Task requirements:
Below are the records; retype each one exactly.

Data records below:

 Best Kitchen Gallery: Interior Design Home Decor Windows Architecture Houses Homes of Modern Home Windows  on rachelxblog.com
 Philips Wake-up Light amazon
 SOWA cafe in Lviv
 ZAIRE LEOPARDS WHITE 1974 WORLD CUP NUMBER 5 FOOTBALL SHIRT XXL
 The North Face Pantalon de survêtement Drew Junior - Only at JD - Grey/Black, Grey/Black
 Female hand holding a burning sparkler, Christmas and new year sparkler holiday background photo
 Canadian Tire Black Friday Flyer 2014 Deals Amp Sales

End of Data records.

Reply:
 Best Kitchen Gallery: Interior Design Home Decor Windows Architecture Houses Homes of Modern Home Windows  on rachelxblog.com
 Philips Wake-up Light amazon
 SOWA cafe in Lviv
 ZAIRE LEOPARDS WHITE 1974 WORLD CUP NUMBER 5 FOOTBALL SHIRT XXL
 The North Face Pantalon de survêtement Drew Junior - Only at JD - Grey/Black, Grey/Black
 Female hand holding a burning sparkler, Christmas and new year sparkler holiday background photo
 Canadian Tire Black Friday Flyer 2014 Deals Amp Sales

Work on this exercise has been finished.